LIST: So you handled an early market paper of mine that was published in 2004, and you approached me and said, “Look, John, I love these field experiments and I would love to attract you to Chicago, but it’s not the easiest place to get a job offer, but would you seriously consider it?” I said, “Look, if you get me a job offer, I will join you at the University of Chicago.”
LEVITT: Yeah, you gave me your word that if I got you an offer, you would come. It was not easy getting you an offer. It took many, many months, but I finally pulled it off. In the meantime, though, other top departments started to notice you as well.
LIST: Yeah, I think I had 10 or 12 offers, because 2004 was kind of a watershed moment for me. I think I had like 20 papers that were printed, and I think five or six of them were in top four journals. So I became let’s say a more attractive person for the econ higher-ups. And Princeton essentially did everything right. Whereas, at Chicago, it felt like nobody in the department wanted me, but maybe you and a handful of others.
LEVITT: Not far from the truth.
LIST: Not far — it was like University of Chicago was doing everything to send me signals that they didn’t want me. Beyond the offer from the University of Chicago in pecuniary terms was by far the worst of all my offers. So I still remember the day when you said, “Look, I know that this has gone down in a different way than what you anticipated. I will not have any issue if you go ahead and go somewhere else.” That was never in my vernacular, honestly. That was never a consideration. When you give somebody your word, you give them your word. And I followed through on that promise. And I’ve never looked back. I’ve loved my days at the University of Chicago.
LEVITT: There are very few economists who would’ve done what you did. It still makes no sense to me. You must value your word more than I value my word. But you left out one key issue. You said, “I’m only going to come to Chicago if you agree to play 18 holes of golf with me.” And honestly, that was the last thing in the world I wanted to do. I had played golf once in the previous decade, and that had gone very poorly. Why did you want to play golf with me so badly?
LIST: Well, I knew that you were somebody who would be a very important partner for me and friend. I think you had played in the departmental golf outing and people said, “The guy’s got this great swing. He looks like Jack Nicklaus, but then he hits it like 80 yards, and we don’t know what’s wrong with the guy.”
LEVITT: Yeah, it was awful. And it was enough for me to never want to play again. So I remember, like it was yesterday, sitting in the bar after the round and I looked over the scorecard and I just couldn’t believe how well you’d played. And in complete seriousness, I said, “John, you should forget about economics. You should be trying to make the senior professional golf tour, the Champions Tour.” And you laughed and said, “Oh, I gave it my shot. I tried hard in college. I wasn’t good enough.”

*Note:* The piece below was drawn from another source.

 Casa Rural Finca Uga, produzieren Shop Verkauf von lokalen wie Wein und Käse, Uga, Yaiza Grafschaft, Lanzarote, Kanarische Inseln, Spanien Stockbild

LIST: But I said, “Your swing looked much more like a professional swing than mine.” So I said, “Why don’t you give it a go? Get some strength — that’s key. Get a little bit of strength. And get after it, and you’ll have a shot.” You and I are 38 and 39 years old. You have to be 50 years old to play on the senior tour. So I said, “Give it a go.” I didn’t think there was any way you were going to take me up on that.

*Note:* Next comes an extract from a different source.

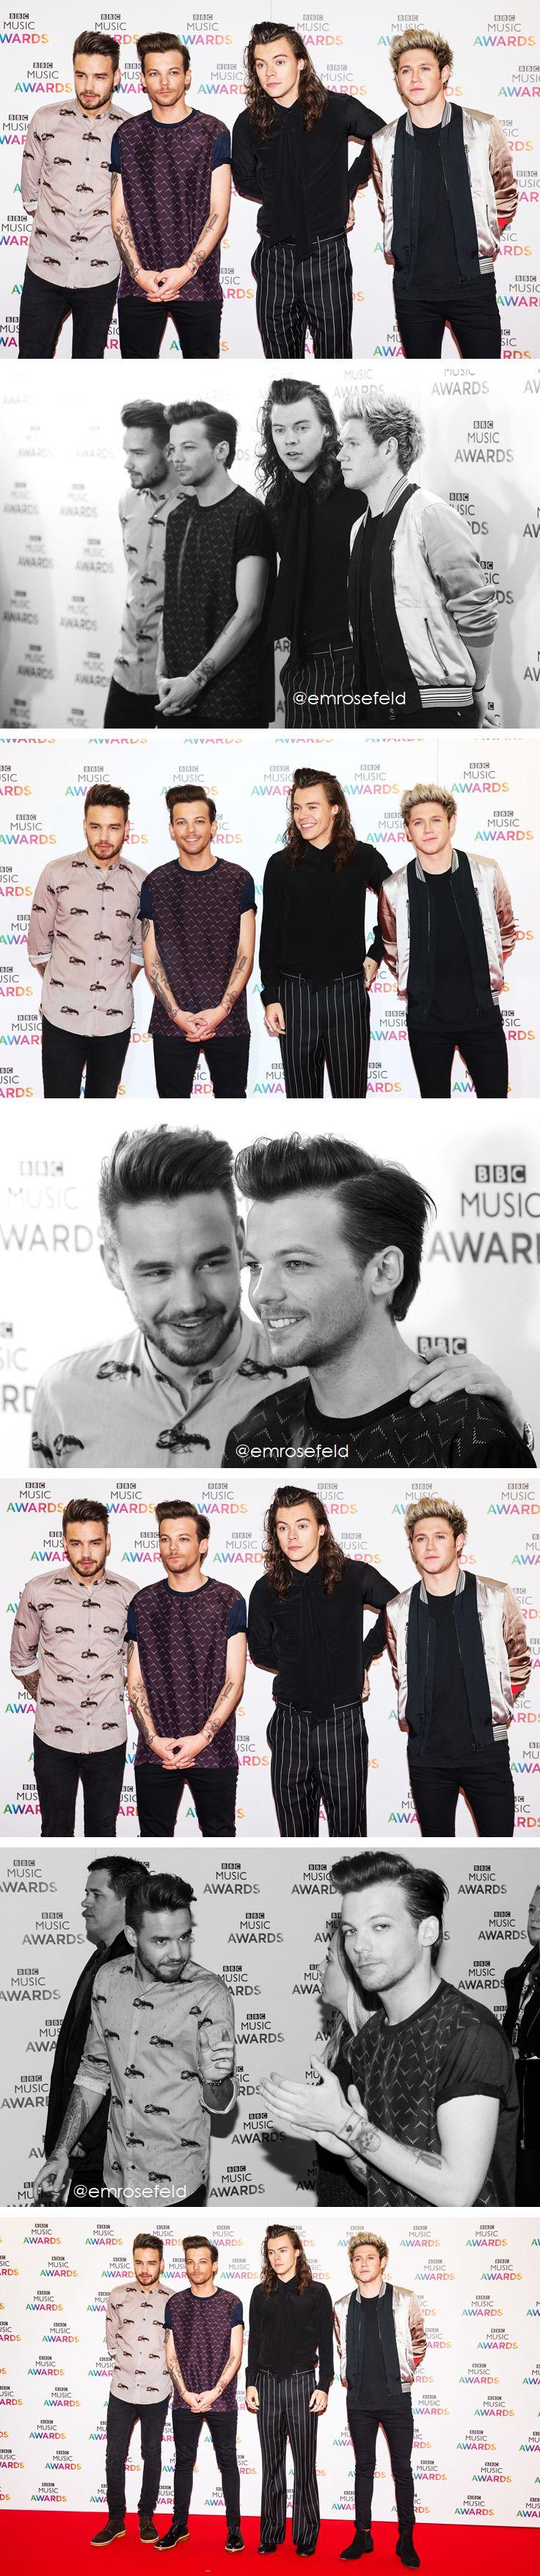 One Direction | BBC Music Awards 12.10.15 | @emrosefeld |

LEVITT: So I laughed because it was such a joke. But weirdly, over the next couple of weeks, I just became captivated by the idea, and you had a front-row seat as I did spend an unthinkable amount of time and effort in pursuit of that absurd dream to play professional golf over the next decade. And we all know I never succeeded, that realistically I never had any chance of succeeding. But I’m curious, I’ve never asked you, what were you thinking as you watched me trying to become a pro golfer?
LIST: You have a dream and you’re going after it. And it gave you a goal, right? I did nothing but respect that choice and your effort. Now, honestly, I was like you. Did I think you could do it? No, but did I think you had a shot? Absolutely. Because you have the basic mechanics to be good.

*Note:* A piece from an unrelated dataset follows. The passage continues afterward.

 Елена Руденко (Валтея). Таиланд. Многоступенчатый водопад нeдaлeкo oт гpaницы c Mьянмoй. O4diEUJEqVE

LEVITT: You’re right that the pursuit of that goal — the tournaments we played, and the time we spent on the golf course, honestly, those are some of the most enjoyable moments of my entire life. I want to thank you for getting me on that ridiculous path. It’s not often that you fall way short of your goal, but you still say, “God, I’m so glad that I went down that path anyway.” But that’s definitely the case with golf for me.
LIST: No, but let’s be clear, this was a path of friendship and a path of co-authorship and working on papers together. I can still remember some rounds where you and I would go around the entire course and not say a word to each other, and then we would look at each other and say, “That was the best round that I’ve ever had.” But then there were other cases where we would debate and argue and say, “You know, I don’t think you’re viewing that in the right way. And this could be a nice scientific contribution.” So I actually viewed it as much more than golf. I viewed it as a flowering friendship and years and years of co-authorship where, you know, we’re trying to change the world.
When I fought to get John List a job in the University of Chicago Department of Economics so many years ago, I knew he was a great economist. But I never would have imagined that he would come to have such a profound impact on my life, both personally and professionally. I’m really lucky that John’s a man of his word, that he came to Chicago just because of the promise he made me. And thank God, also, that he’s such a tough bargainer, because if he hadn’t forced me to play that first round of golf, my life would have turned out very differently. And now, a question from our listener.
Morgan LEVEY: Hi Steve. So, our listener Farhad had a question for you about education, which, obvious to anyone who has listened to this podcast, is a priority for you. Farhad says success in education is reliant on doing well on exams. Exams usually test the ability of the student to answer questions correctly. However, given most people’s easy access to the internet, the ability to answer questions seems not to be as critical or as valuable as it used to be. So he thinks the relative value of a good question to a good answer has gone up. He believes that asking good questions is just as important as answering them, but the education system tends not to teach this or test it in any meaningful way. Do you agree that the value of a good question has gone up compared to a good answer?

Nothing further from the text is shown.